The key is to have those conversations well in advance. By the time a disaster strikes, it’s already too late.
“As you can imagine, when you’re in a disaster and your market gets destroyed, it’s very difficult to make decisions and make things happen,” says Kenis. “The timing is so short, and the whole market is pulling resources, so it’s hard to get those resources.”
Questions to ask
Supply Chain needs to have a focus on how the alternate care clinics will manage their patient populations during a short- and long-term disruption. Questions to ask include:
Where will the patient be seen during the time when normal clinic space is unavailable?
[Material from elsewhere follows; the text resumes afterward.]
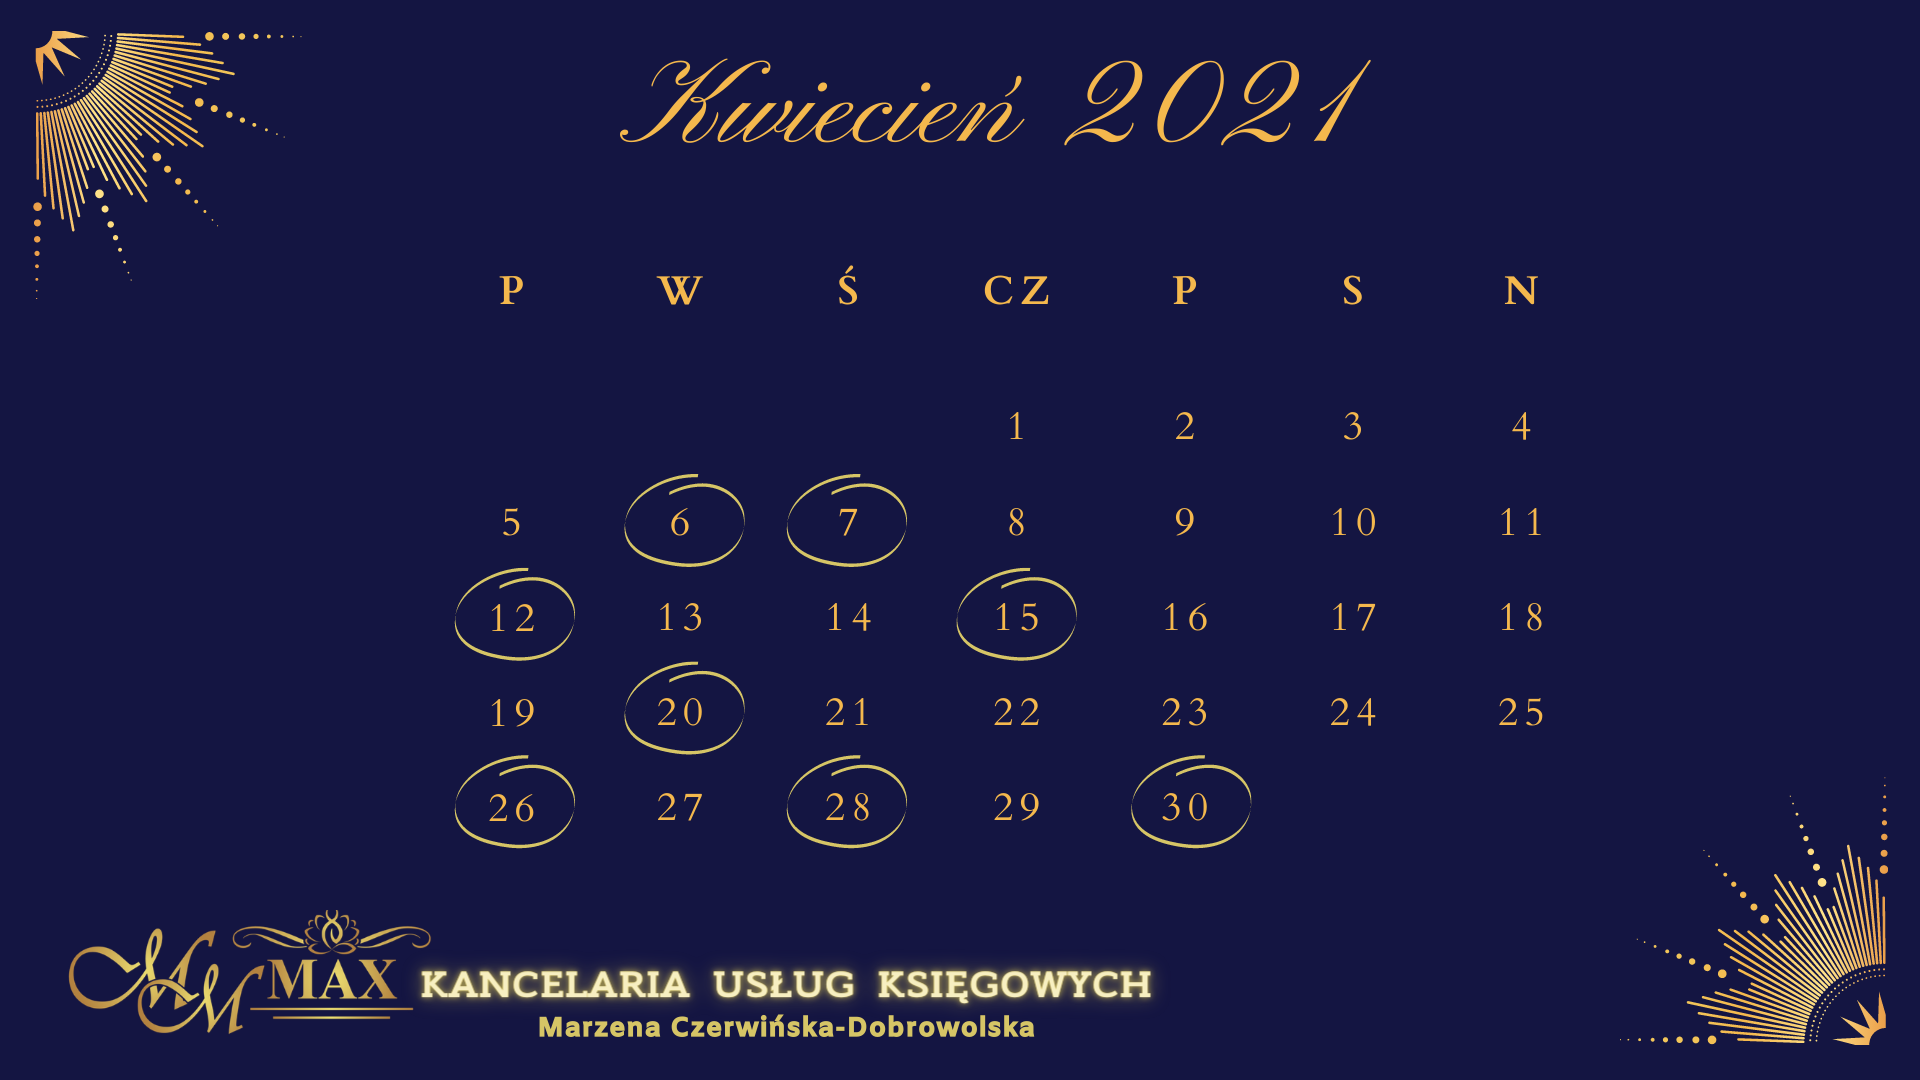 Kalendarz podatkowo-rachunkowy Kwiecień 2021
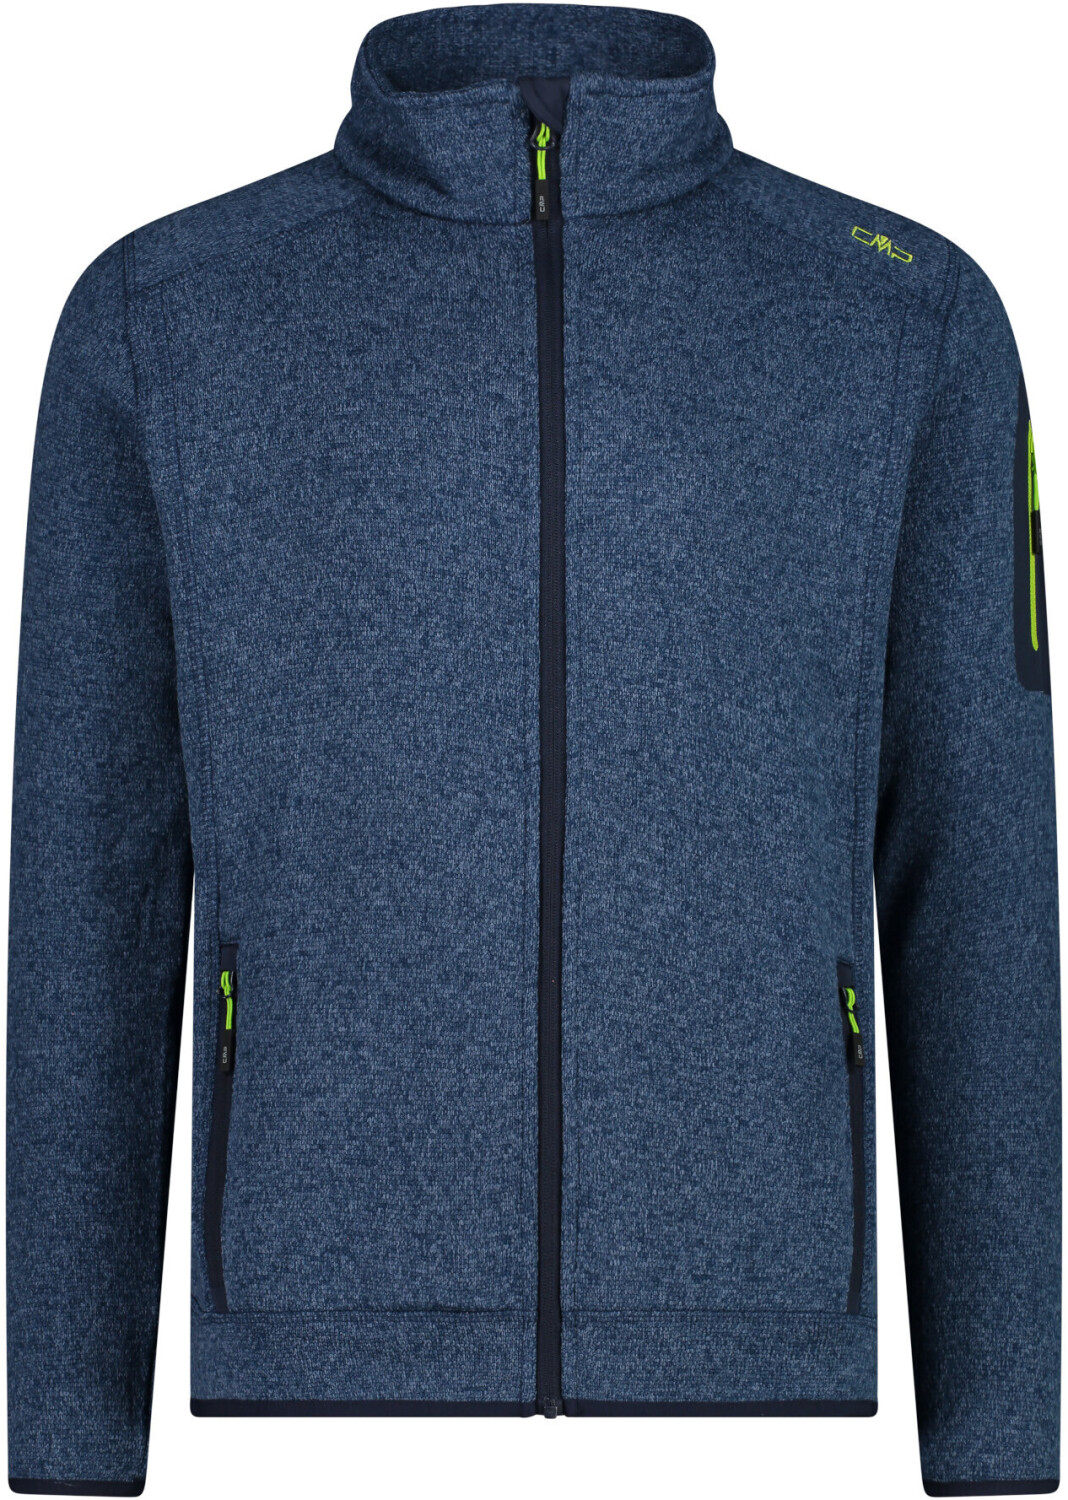 CMP Knit-Tech Jacket (3H60747) | 39,99 bei blue-limegreen € Preisvergleich ab

- Is there a long-term strategy to bring in temporary structures?
- Do we have supply and equipment lists developed?
- Do we have essential, long lead time, equipment and supplies identified?
- Does my distributor have a disaster strategy and a diversified footprint to support my strategies?
What are essential and non-essential services that should be provided during a short and long term disruption?
- What are the capabilities with power, water, generator needs-type of generator- (one phase, three phase)?
- Site selection and contingency locations depending on the situation and damage
Is there a plan for employed and contracted physicians?
- Is the plan outlined in health care provider agreements?
- Is there a strategy to deploy providers from other markets?
- Have you created a strategy with your insurance carriers? (This will allow for care of patient populations in temporary locations.)